- DVD cover
- Directed by: Pandiarajan
- Written by: Pandiarajan
- Produced by: G. Venkateswaran
- Starring: Prithvi Rajan Shruthi Pandiarajan Manivannan
- Music by: Dhina
- Production company: GV Films
- Release date: 15 June 2006;
- Country: India
- Language: Tamil

= Kai Vandha Kalai =

Kai Vandha Kalai is a 2006 Indian Tamil-language comedy film written and directed by Pandiarajan. The film stars his son Prithvi Rajan, whereas Sruthi, Manivannan, and the director himself play other important roles. The film, released on 15 June 2006, is a sequel to Aan Paavam (1985).

== Plot ==
Kannan is in league with his father in duping the people in his village. He comes across Kausalya (Sruthi), a timid, schoolgoing girl and falls for her immediately. From his grandfather, he learns that Kausalya's mother is his father's sister and becomes even more determined to wed her.

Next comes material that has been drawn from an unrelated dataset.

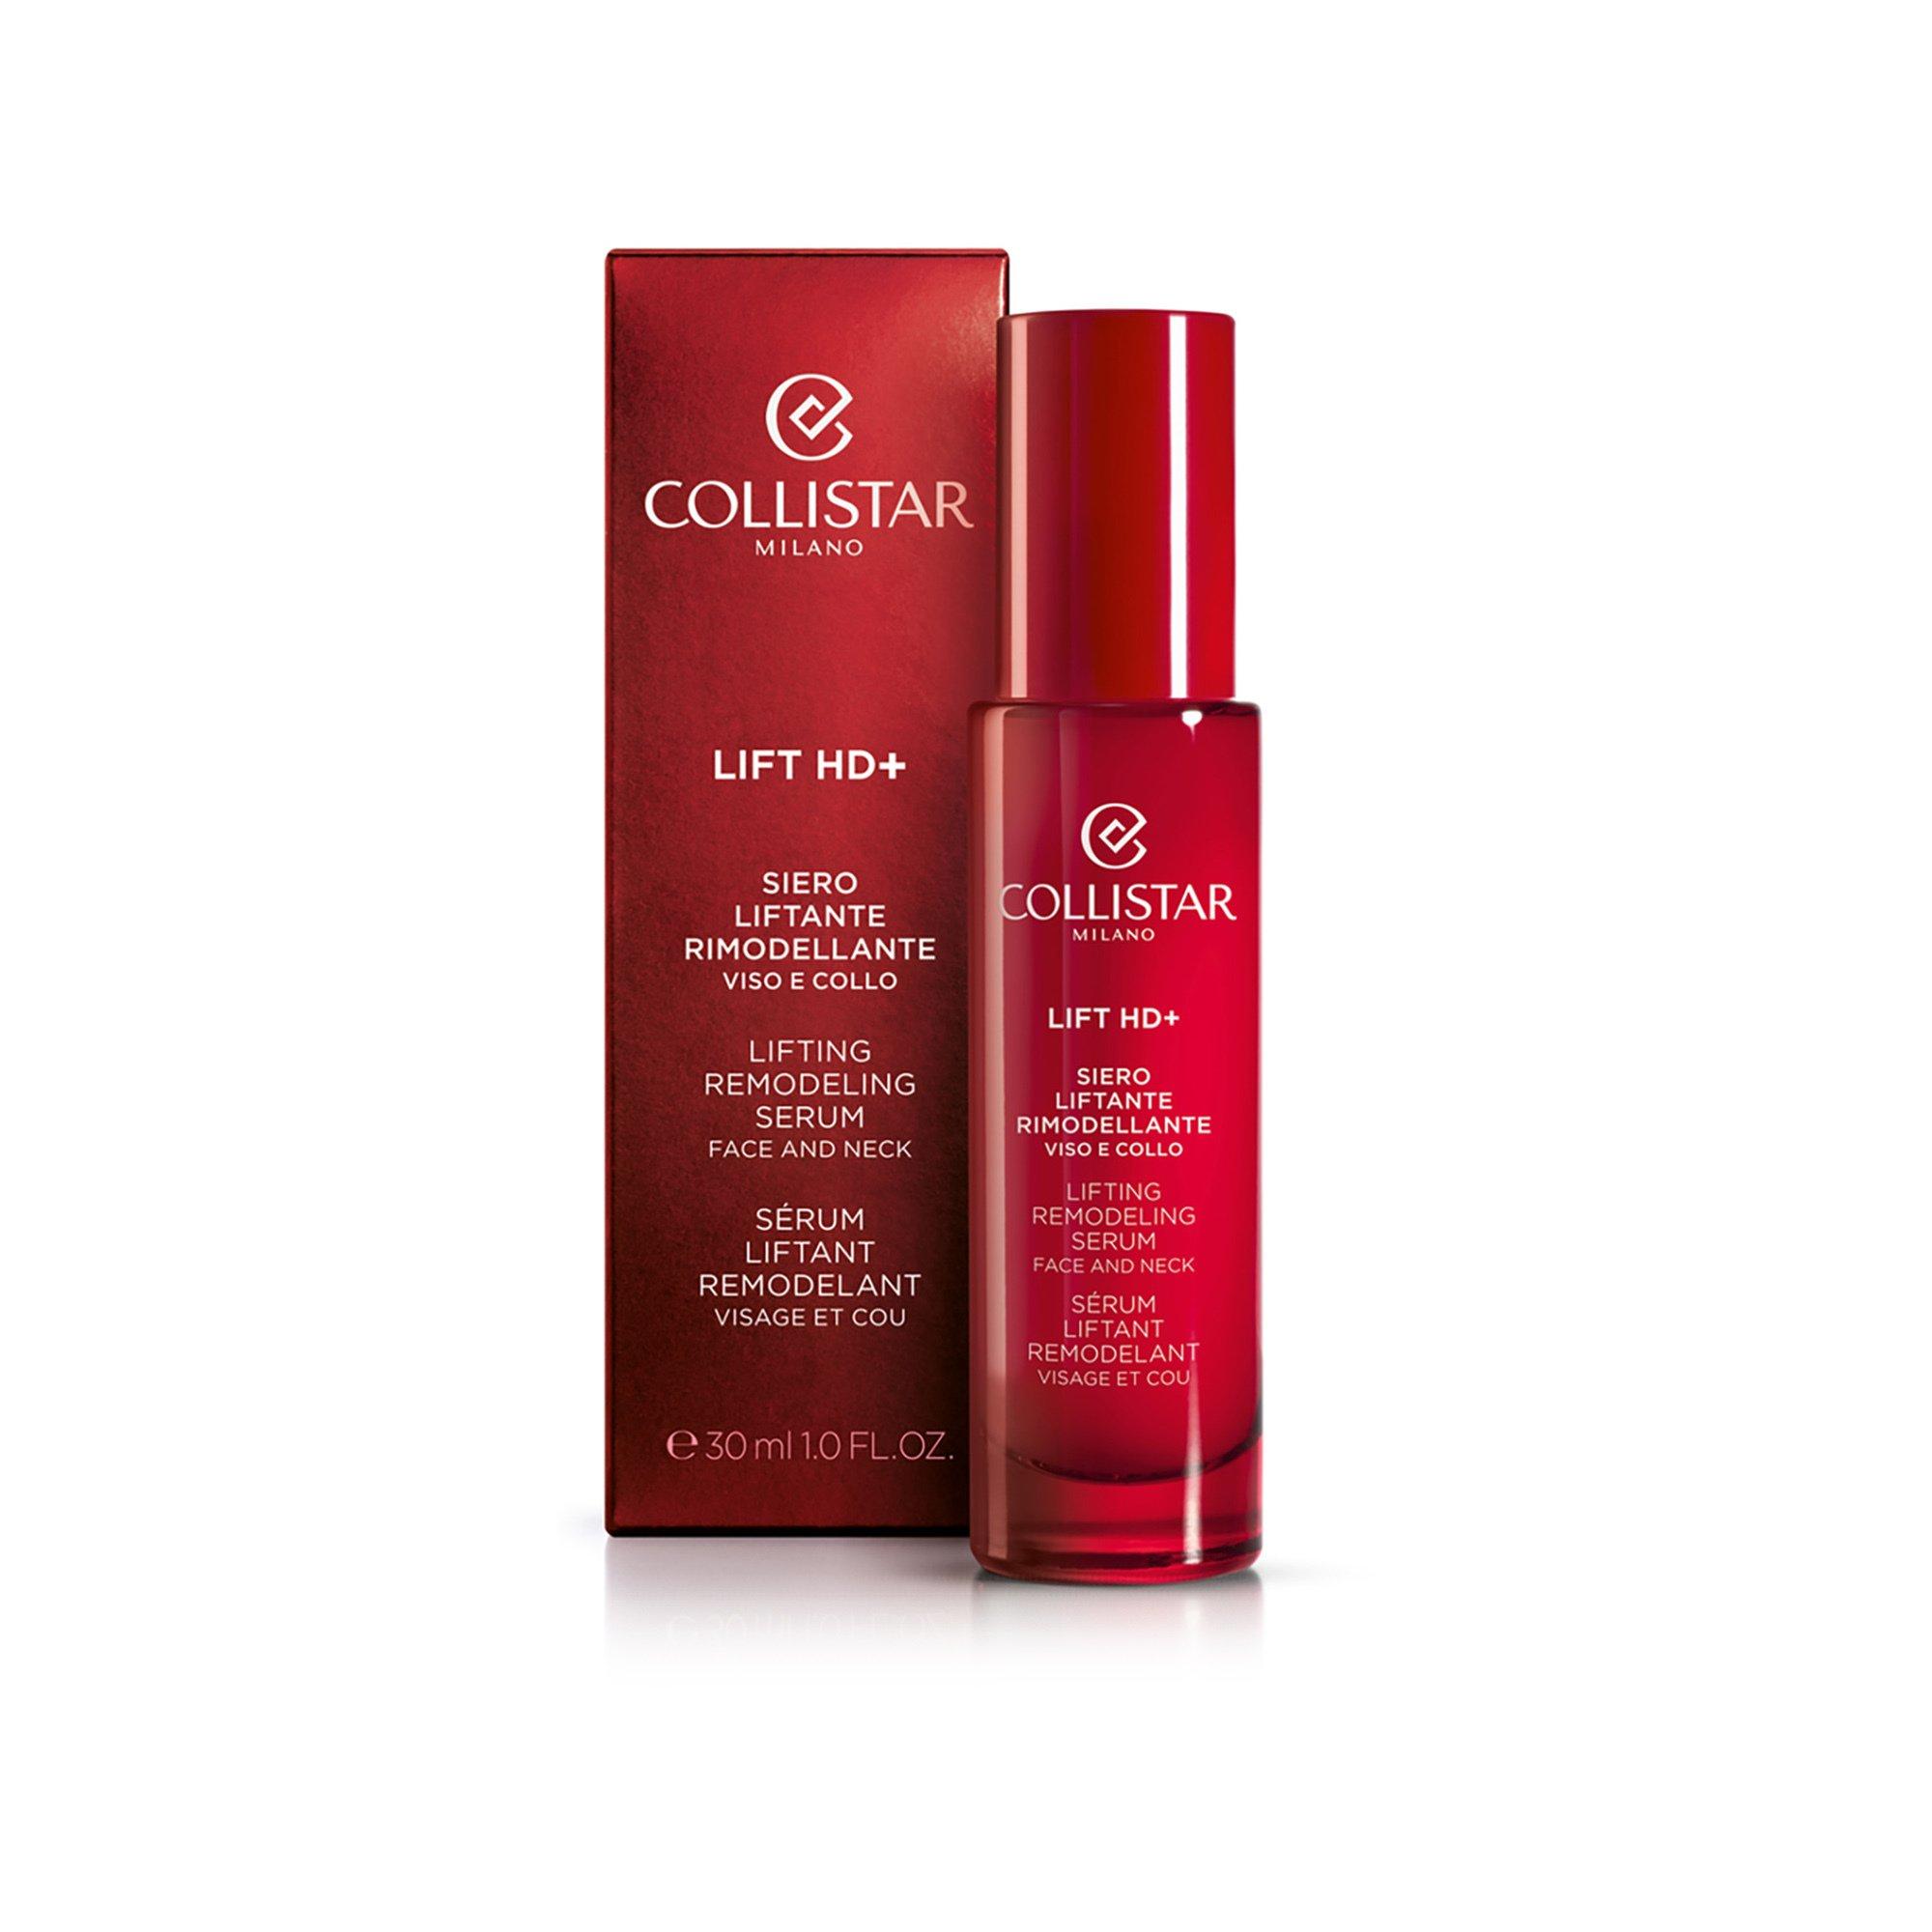 COLLISTAR  Lift HD+ Lifting Remodeling Serum Face and Neck 
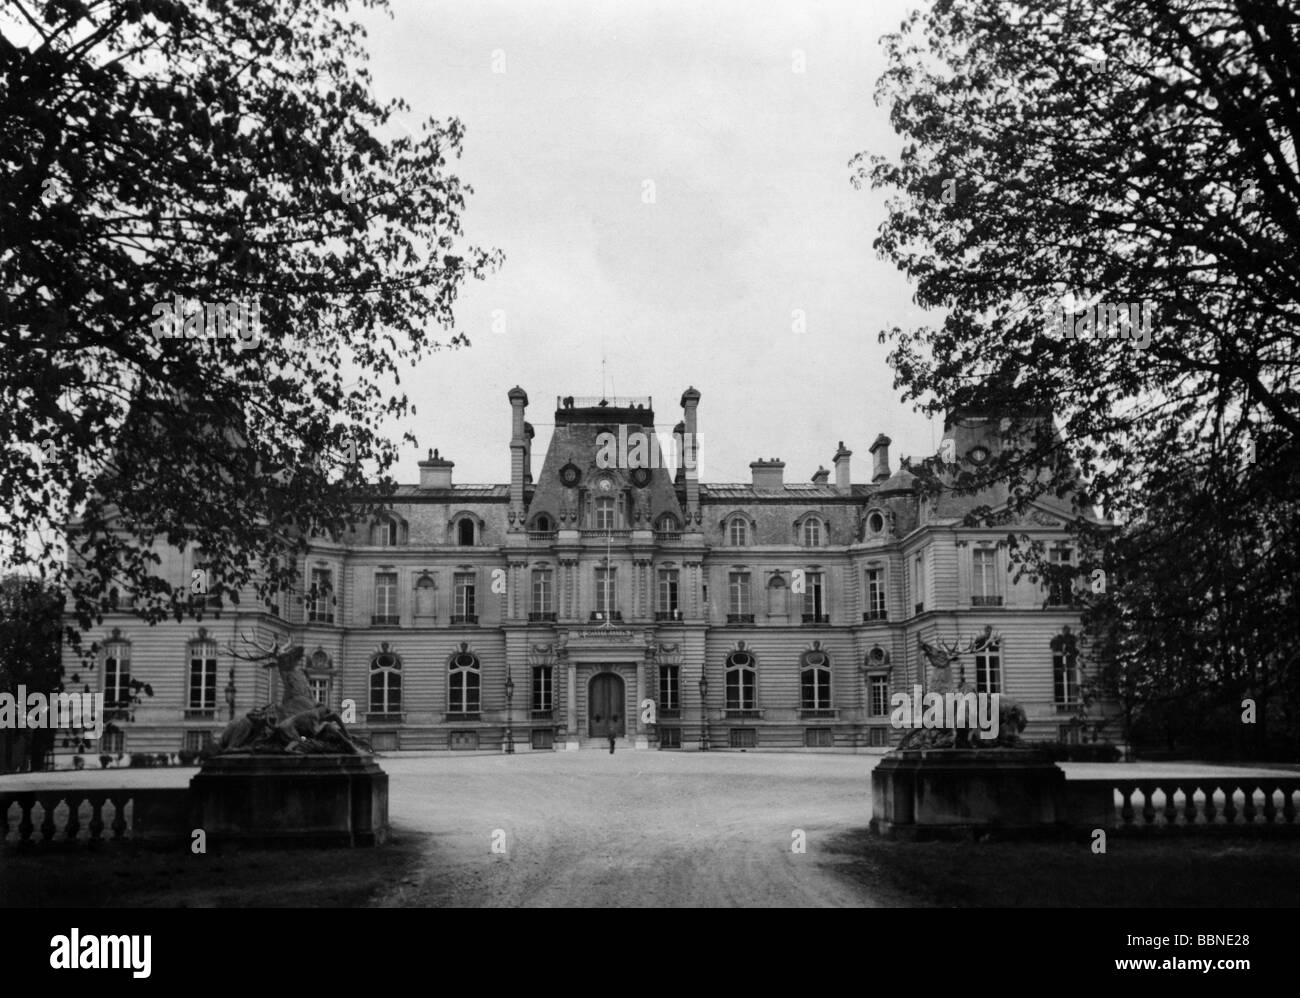 events, Second World War / WWII, France, German occupation, Chateau de Montvillargenne at Chantilly near Paris, 1942, Stock Photo

Kausalya begins to like him too but asks him to mend his ways before they can get married.

== Soundtrack ==
Music is composed by Dhina.

| Song | Singers | Lyrics |
| "Suttipoove" | Karthik, Sadhana Sargam | Vairamuthu |
| "Veluthukattungada" | Jassie Gift |
| "Yakka Yakka" | Pallavarajan, Malathy |
| "Kadhal Inikuthappa" | Harish Raghavendra |
| "Thavalai Theme" | Prema Rajan |

== Reception ==
Malini Mannath of Chennai Online opined that "With scenes and situations a little different from the routine ones, 'Kai Vantha Kalai' is a fairly engaging and a neatly packaged wholesome family entertainer". On the contrary, S. Sudha of Rediff.com wrote that "In short, far from a comeback or launch pad, this is just a big bore". The Hindu wrote "Compared to the films of today, `Kai ... ' is so decently made that at points you feel Pandiarajan is caught in a time warp. But that's also where the success of the maker lies; you wonder why he was in hibernation for so many years". Indiaglitz wrote "Supposedly a sequel to his yesteryear hit Aan Pavam, Pandiarajan has thrown out a simple and a straight forward film without many twists and turns that's worth a watch. Amidst all action-packed films of the day, Kai Vandhai Kalai is a movie with a simple narration and little characters". A critic from Cine South wrote that "Pandiarajan has proved again that we are old hands at making a comedy of the screenplay".